Combining HP’s well-developed sales channels and vast partner program with Autonomy's lineup of information management software products has analysts keeping close watch.

“It’s about time,” said Susan Feldman, research vice president of search and discovery technologies for Framingham, Mass.-based IDC. “This is a case of looking at what needs to happen in the enterprise as information becomes more and more central to the success of the enterprise today.”

Feldman said the two companies realized the market was at a “tipping point,” moving from legacy data-based software to a new IT infrastructure based on “unified access to information.”  

The acquisition will speed up market development of unified products that Feldman said would be the foundation for search-based applications and workspaces.

“We are seeing the emergence of a new platform that will support a constellation of information applications such as e-discovery,  marketing, question answering, publishing and decision support,” she said.

Anne Lapkin, research vice president at Gartner Inc., called the acquisition, reported to be worth $11.7 billion, “a bit remarkable. Whether it makes sense or not, it’s way too early to tell.”

Lapkin, who specializes in studying trends in the enterprise software and information management segments for the Stamford, Conn.-based research firm, explained that while “HP’s been talking for a while about [moving] from a high-volume, low-margin business into a higher-margin, higher-value business,” paying more than $11 billion for a company that reported just shy of $1 billion in revenue in the past year has industry watchers wondering what HP’s strategy for integrating and developing the business will be.

Lapkin said that it will take some time for HP to understand the Autonomy business model, and that “all [HP has] said so far is, ‘We’re going to do something around content.’ That doesn’t really constitute a strategy.”

HP, for its part, has high hopes for its $11.7 billion bet on enterprise search and content management.

“Together with Autonomy, we plan to reinvent how both unstructured and structured data is processed, analyzed, optimized, automated and protected,” said Léo Apotheker, HP president and CEO, in a statement.

Autonomy founder and CEO Mike Lynch will continue to lead Autonomy for at least the next two years. That, at least according to Lapkin, is a positive sign.

“The [two companies] have very different cultures, and HP’s management style has undergone such a shift that I don’t know what HP’s management style is anymore,” she said. “But if HP is looking for a vision around information, Lynch is the guy with the vision. And it’s a very clear vision.”

Leslie Owens, a senior analyst in the content and collaboration spaces with Forrester Research Inc., of Cambridge, Mass., said HP’s global sales force will serve as a possible avenue to introduce enterprise search and information management to potential new buyers.
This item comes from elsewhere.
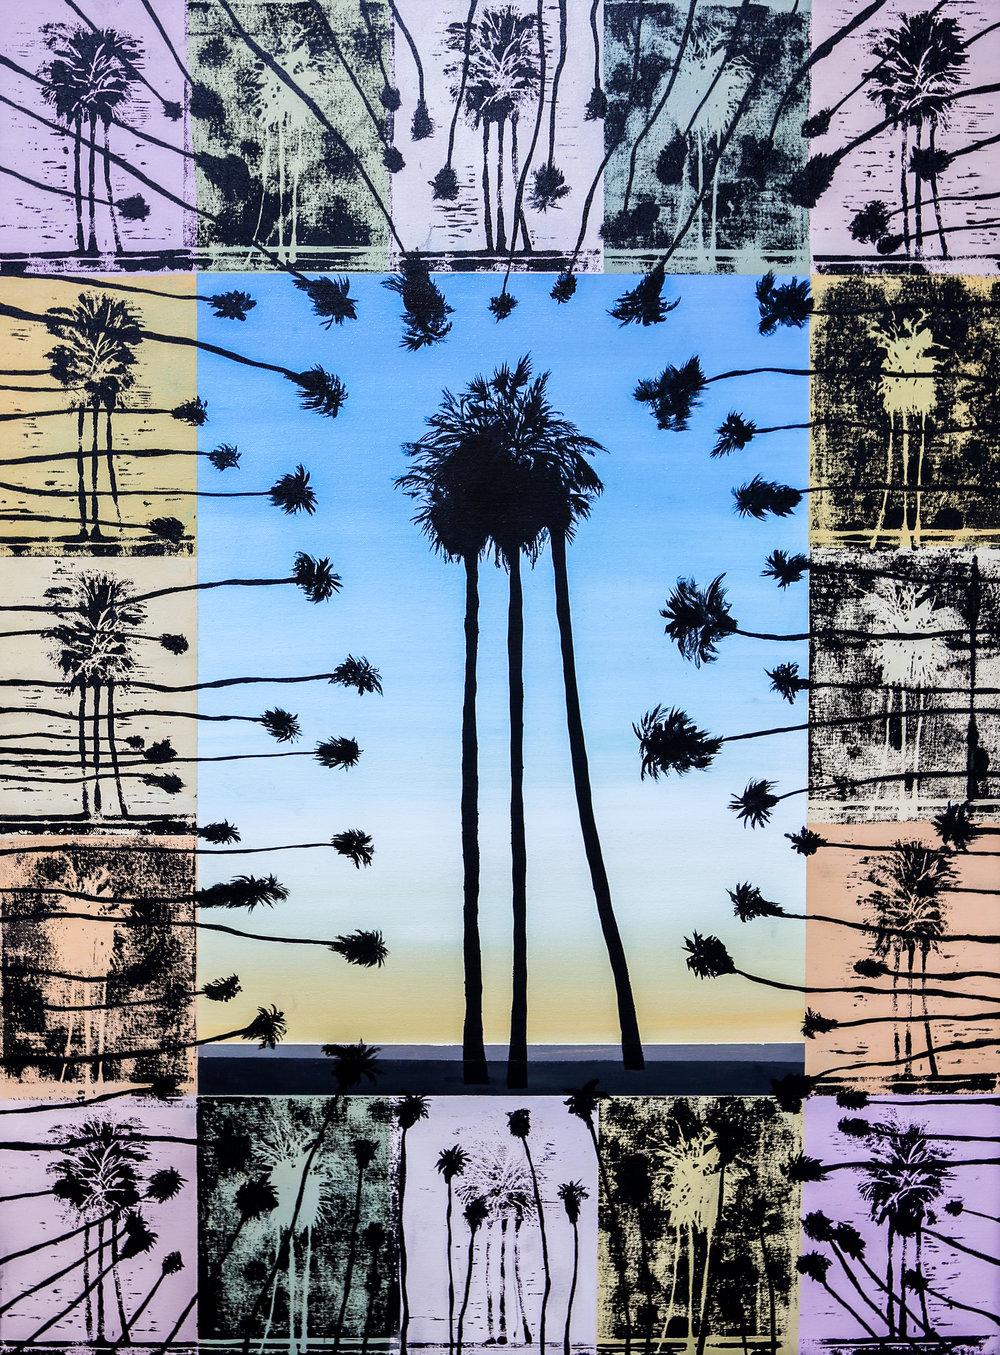 151 Palm Trees

“Enterprise search is a mature market, but then Autonomy is so much more than that," she said. "Oracle has a secure enterprise search product, so now HP does, too. I see this as a macro move to get into the enterprise information management market.”

Indeed, the deal indicates the information management space is “heating up,” according to Lapkin.

“There are going to be more acquisitions in this space,” she said.

That perspective was shared by Feldman, who said, “The big software vendors are circling around this whole area.” Additionally, smaller vendors will develop applications to fit on top of the platforms that ultimately win out.

“It’s already happening in the search world, and they’re tremendously successful,” she said.

HP and Autonomy have very different types of customers, and Lapkin said it would be interesting to see how Autonomy’s products will be integrated into the HP portfolio. Among those products being discontinued is the HP TouchPad. The device runs HP webOS and was marketed heavily as HP’s response to the Apple iPad, but sales never materialized. The device, as well as the Pre lines of tablets and smartphones, which are also expected to be axed, sprang from the company’s $1.2 billion acquisition of Palm Computing in March last year.

While HP has stated it wants to move away from the personal computer business, and angered some partners in the process, software currently accounts for about 3% of its revenue, according to Reuters.